Por isso, é oportuno questionar: por que as artes têm tido um papel menor na Educação? Deixá-las em segundo plano é um simples equívoco ou o reflexo de sua importância? Elas devem ser reconhecidas somente na disciplina de Arte ou também nas demais?

As respostas a essas questões podem ajudar professores de todas as áreas a educar melhor, como mostrarei a seguir. Isso depende, porém, de uma compreensão mais lúcida do mundo e do sentido da escola, que leve à superação de um pragmatismo equivocado que substitui formação por treinamento desde os primeiros anos da vida escolar.

Artes existem desde a pré-história e estão na origem da civilização. Em todas as épocas, deram forma a utensílios, edificações, representações e rituais, caracterizando cada cultura. O passado das artes persiste na imponência gótica da catedral, no enlevo da música barroca e na graça eterna do teatro de máscaras. Desprezá-lo seria como só ver sentido no último capítulo de uma obra sem ler os anteriores. Até hoje, as artes dão forma a inúmeras manifestações, não importa se seja o break na calçada ou o balé no palco, o conceito surpreendente da página do webdesigner ou a ponte estaiada do arquiteto. Esse amplo universo não pode ser ignorado pela escola.

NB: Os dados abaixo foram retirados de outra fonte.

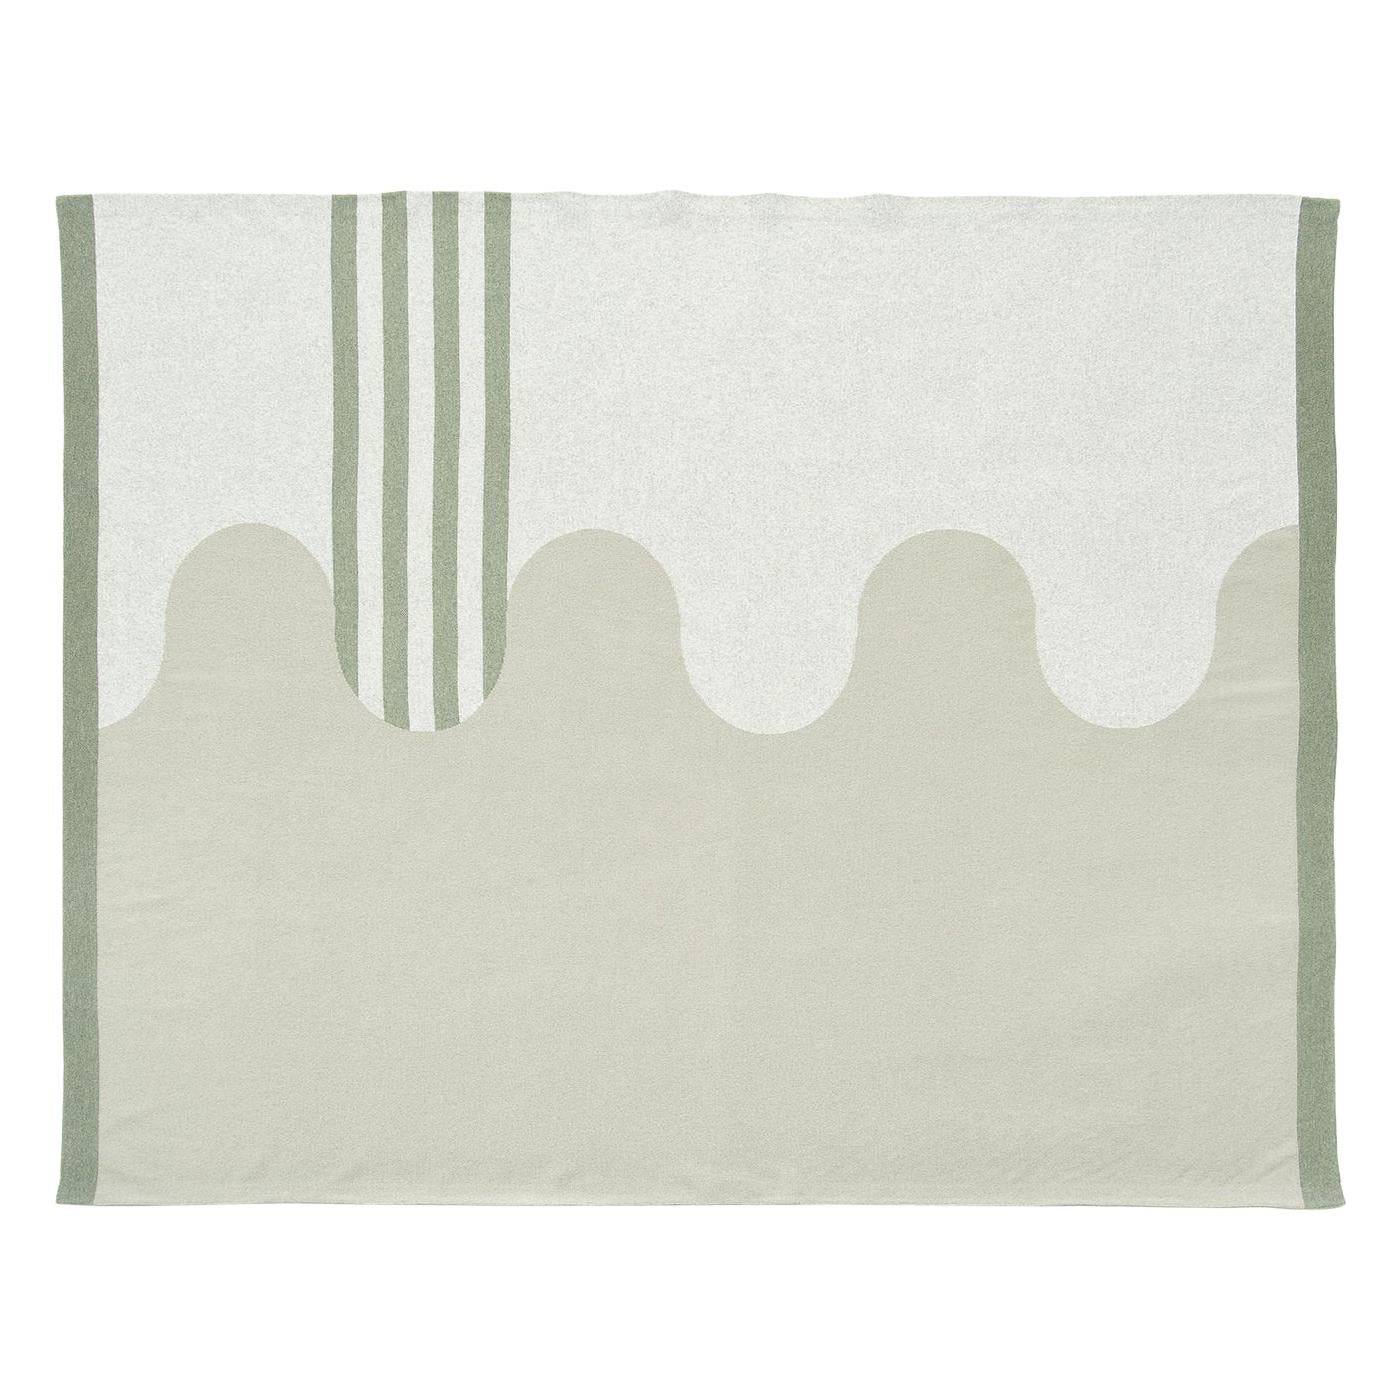 Sinuous Line Gray Blanket

Só quem teve o privilégio de estudar em uma boa instituição, que valoriza as artes, sabe a importância de participar de um conjunto musical, de uma oficina de teatro e de grafite ou de ter visitado mostras e museus. Desenvolvendo a sensibilidade e o gosto do convívio nas artes se aprende também a arte no convívio. Valores como respeito, cooperação e tolerância também estão em jogo quando se ensina e se aprende Arte. Basta se lembrar do movimento entre os personagens numa peça ou do intervalo deixado para um solo de bateria. Ambos exercitam tais atitudes, nos preparando para lidar com uma intervenção durante reuniões de trabalho ou com opiniões divergentes numa discussão entre amigos.

História e Geografia, entre outras, também podem ser integradas à Arte. Não porque esta esteja a serviço de outras disciplinas, mas porque contribui com elas. Afinal, fazer a maquete do bairro dá mais realidade ao mapa, assim como analisar uma cerâmica ou uma pintura traz o passado para a sala.

No entanto, ainda há quem acredite que o interesse pelas artes é irrelevante e existem muitas escolas que formatam seus currículos em função dessa percepção. Pois, para quem, por equívocos como esses, encara as artes como opostas a outras atividades, posso contar que o mais ilustre cientista com quem convivi, meu mestre Mário Schenberg (1914-1990), foi um reconhecido crítico de artes, além de grande físico brasileiro. O mais ilustre cientista com quem ele conviveu, o físico alemão Albert Einstein (1879-1955), também tinha grande interesse pelo tema: gostava de música, tocava violino e não fez segredo sobre o quanto suas ideias nas ciências foram fortemente influenciadas pelo que ele aprendeu com a literatura.